Small farms, which operate with far narrower margins, are silently being hit the hardest during this coronavirus crisis, advocates say.
Mary Jo Dudley, director of the Cornell Farmworker Program, says the program she coordinates has heard of five small farms closing indefinitely, pushing their workers out of jobs and housing. “This is one of the invisible consequences of the pandemic,” says Dudley.
Dudley said typically farm workers stay a few days while they find new jobs, but others such as Rick moved out of the hotel room paid by his farm employer because he said he felt pressured to leave the hotel without job security.
Luis Jiménez, president of the farmworker-led, grassroots organization Alianza Agricola, knows that three small ranches have closed. Even at the dairy farm Jiménez works in, there are rumors about whether the farm owner will sell cows to decrease production and lay off some workers, or do just one of the two.
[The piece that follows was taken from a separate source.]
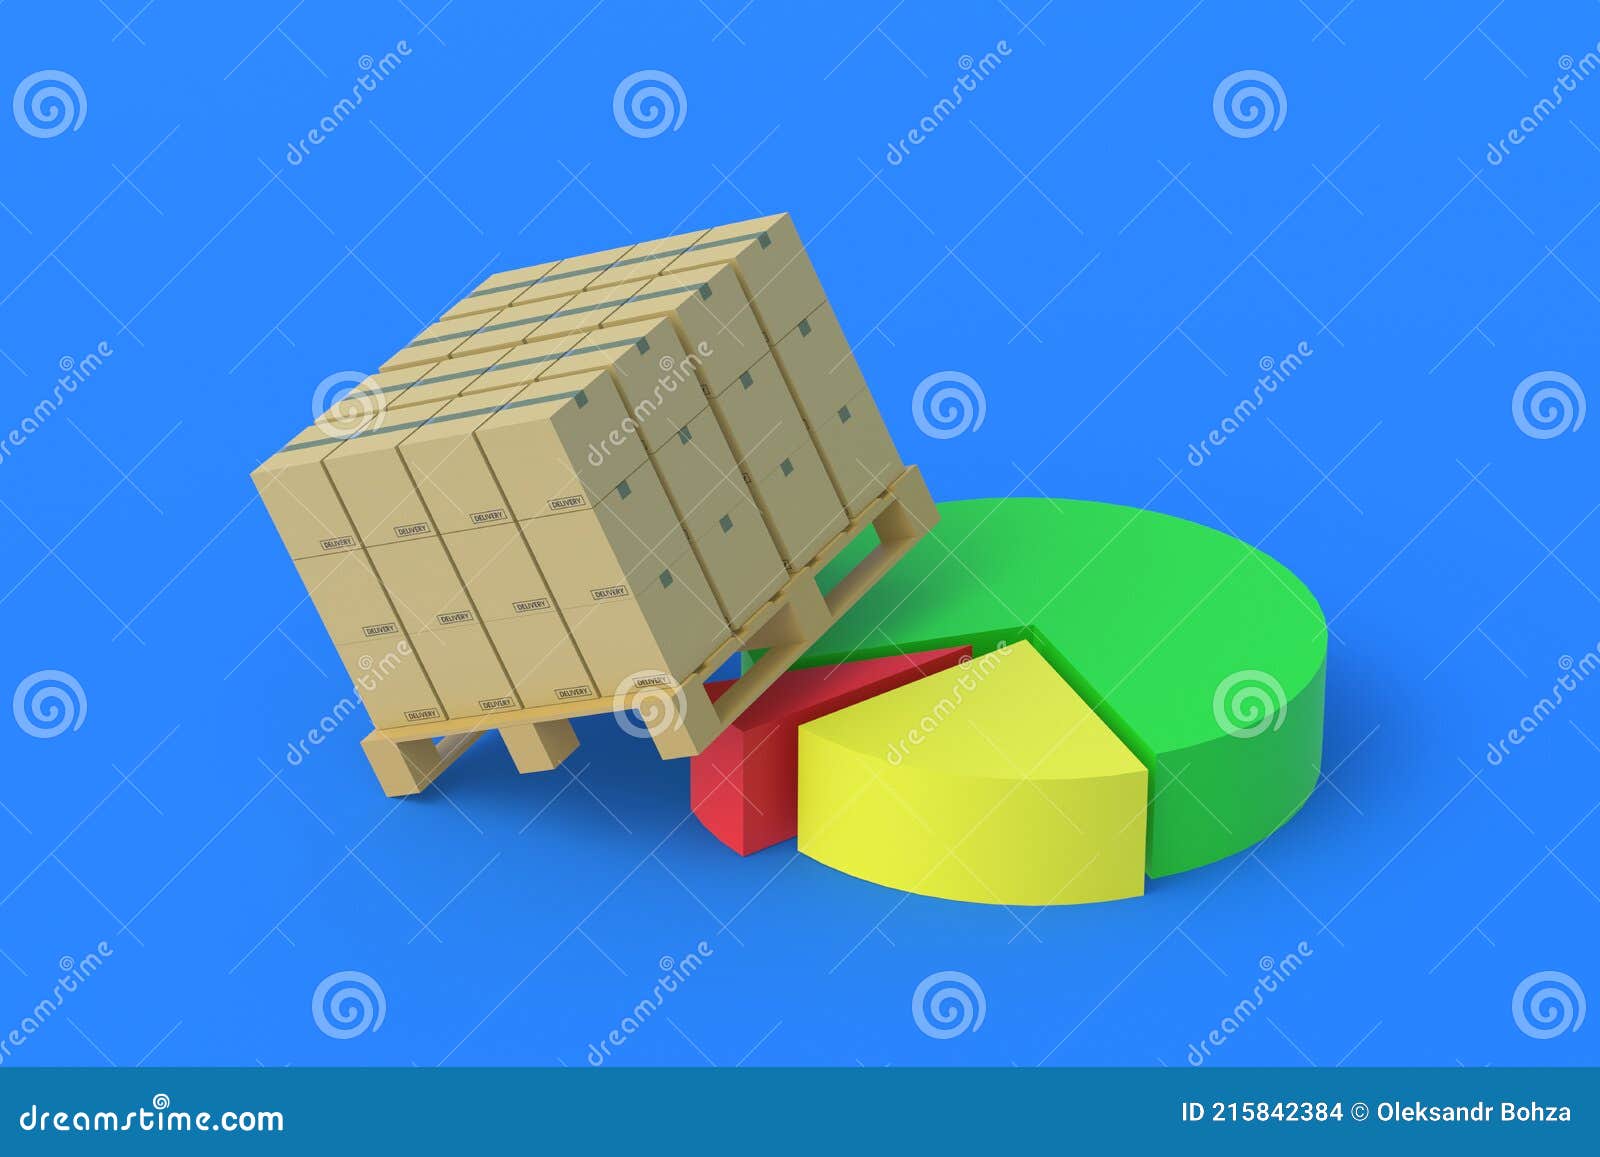 Cardboard Boxes On Pallet Near Pie Chart Stock Photo - Image of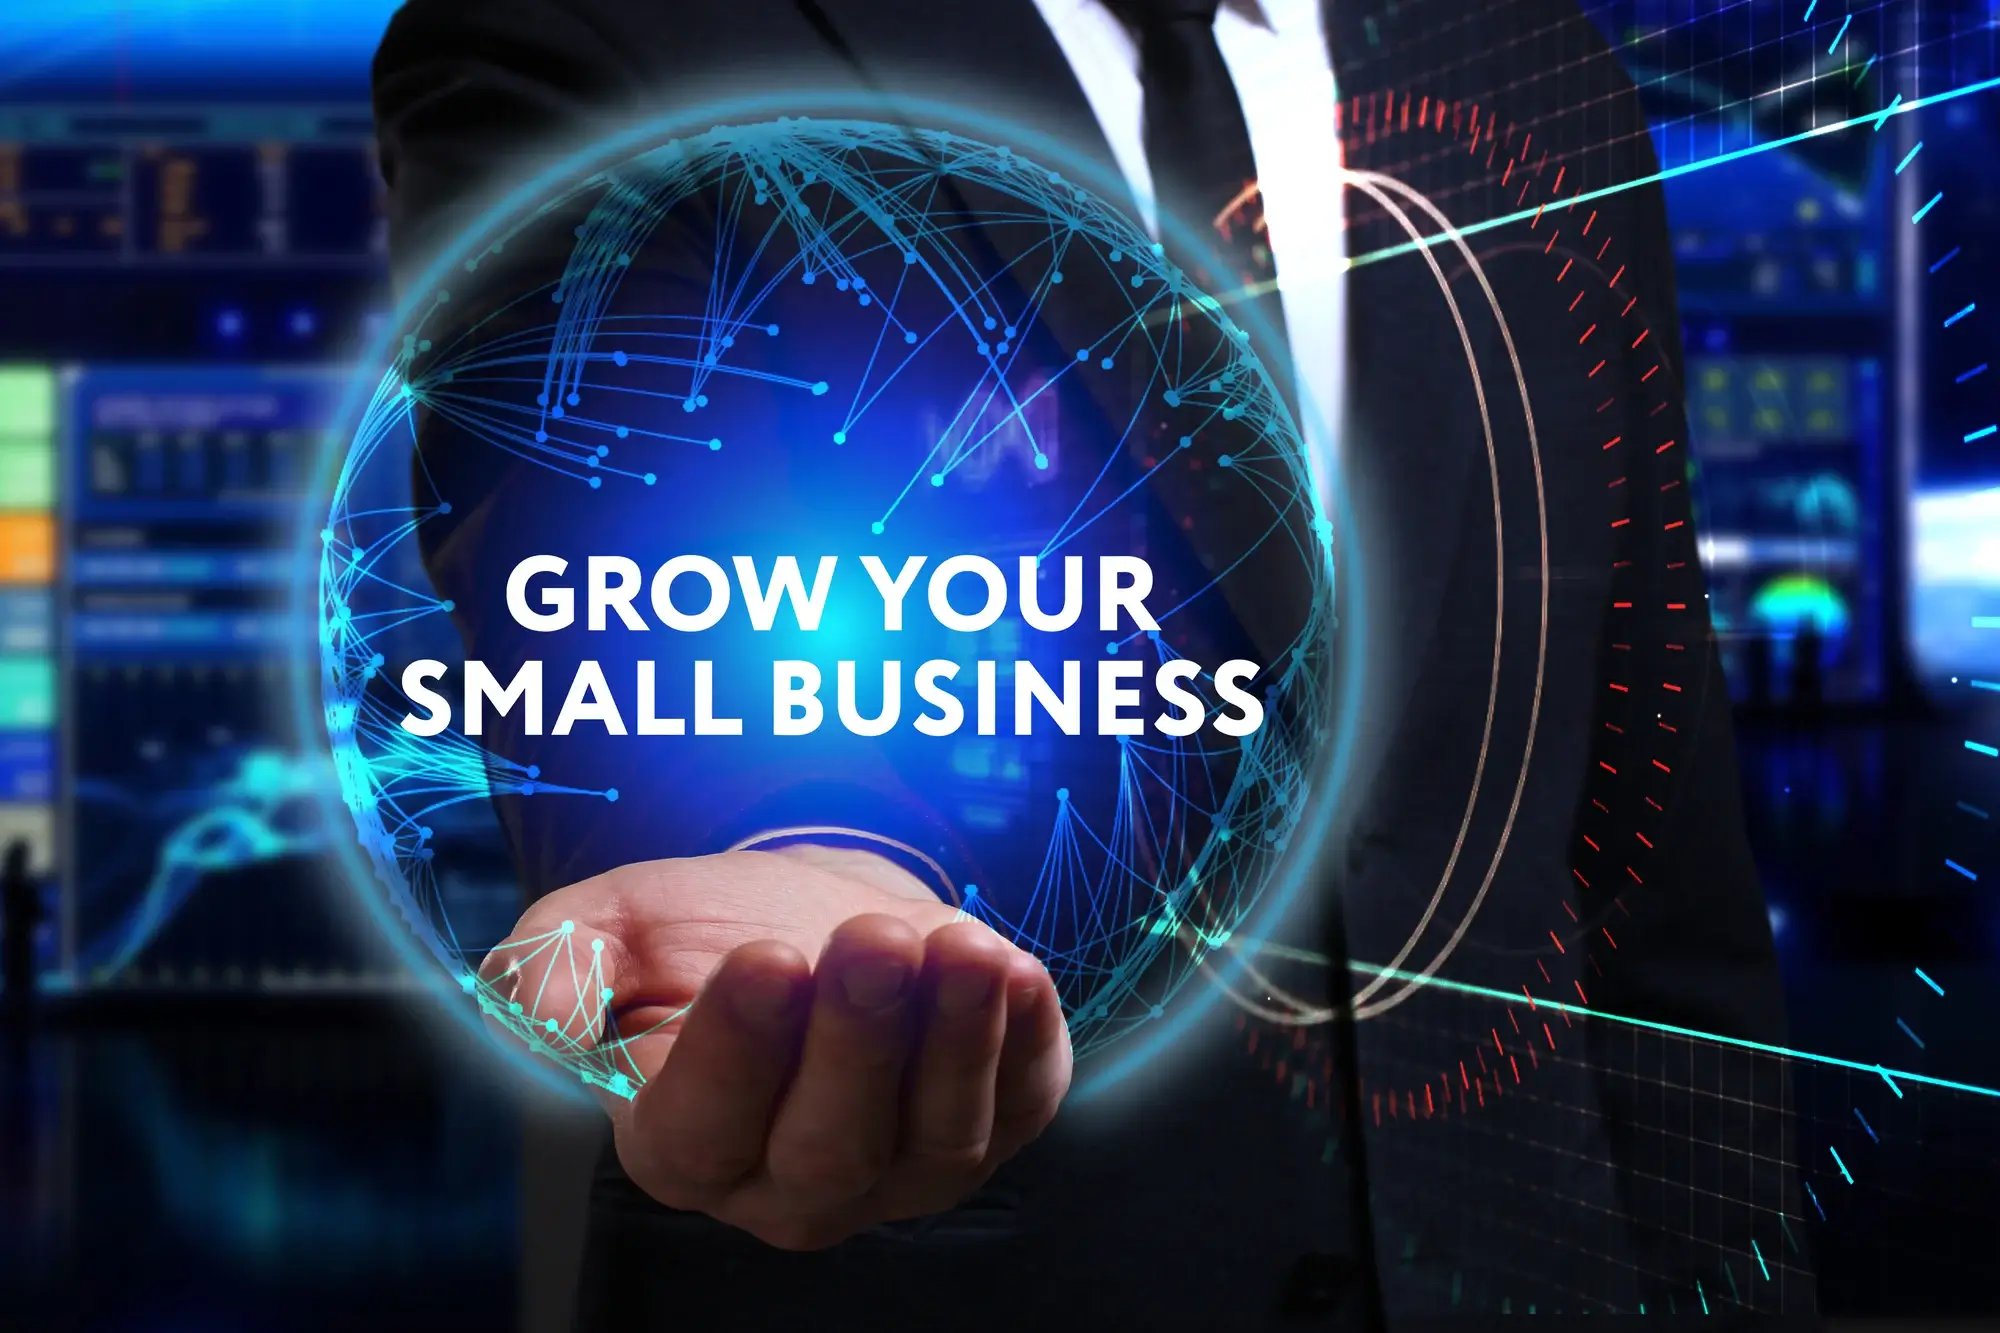 grow your small business shutterstock_559468654-1

So far, there is just anecdotal information available about how many small or medium-size farms have closed temporarily or indefinitely since the coronavirus hit New York in early March, but what is clear for advocates is that “this is happening every day,” says Dudley.
Even agricultural lending organizations such as Farm Credit East recognizes that “certainly, COVID-19 has had a significant impact on many farm businesses,” writes Tom Cosgrove, Farm Credit East’s executive vice president for knowledge exchange, public relations and marketing.
Not all farms are hit equally. “Dairy relies heavily on institutional purchasing, and with universities, schools, and restaurants closed that market has suffered,” said Kate Downes, NY FarmNet outreach director, in an email to City Limits. “However, on the flip side, many direct to market farms are having banner years –they’re getting requests for more beef, chicken, or pork, and cannot keep up with production because raising animals takes time and money. Slaughterhouses are booked up for weeks, so even if an animal is ready, the farmer may not be able to get an appointment to have it processed.”
But even before the pandemic hit, many farms were suffering. A report by the American Farm Bureau Federation found farm bankruptcies, filed as Chapter 12, had increased nationally prior to the COVID-19 crisis. “Chapter 12 family farm bankruptcies for the 12-month period ending March 2020 totaled 627 filings, a 23 percent increase from the previous 12 months, according to recently released data from the U.S. Courts. Chapter 12 bankruptcy filings have increased for five consecutive years, and the 627 filings over the previous 12 months is the third-highest total over the last 20 years – behind 743 filings in 2011 and 632 filings in 2003,” read the reports.
“Currently, the increase in bankruptcies is not related to the pandemic and the data only goes through March,” Cole Staudt, the American Farm Bureau Federation’s media relations chief, explained in an email. Staudt said the impact from the Coronavirus could possibly push more farms to the brink or over the edge.
*City Limits uses pseudonyms for undocumented migrant farm workers.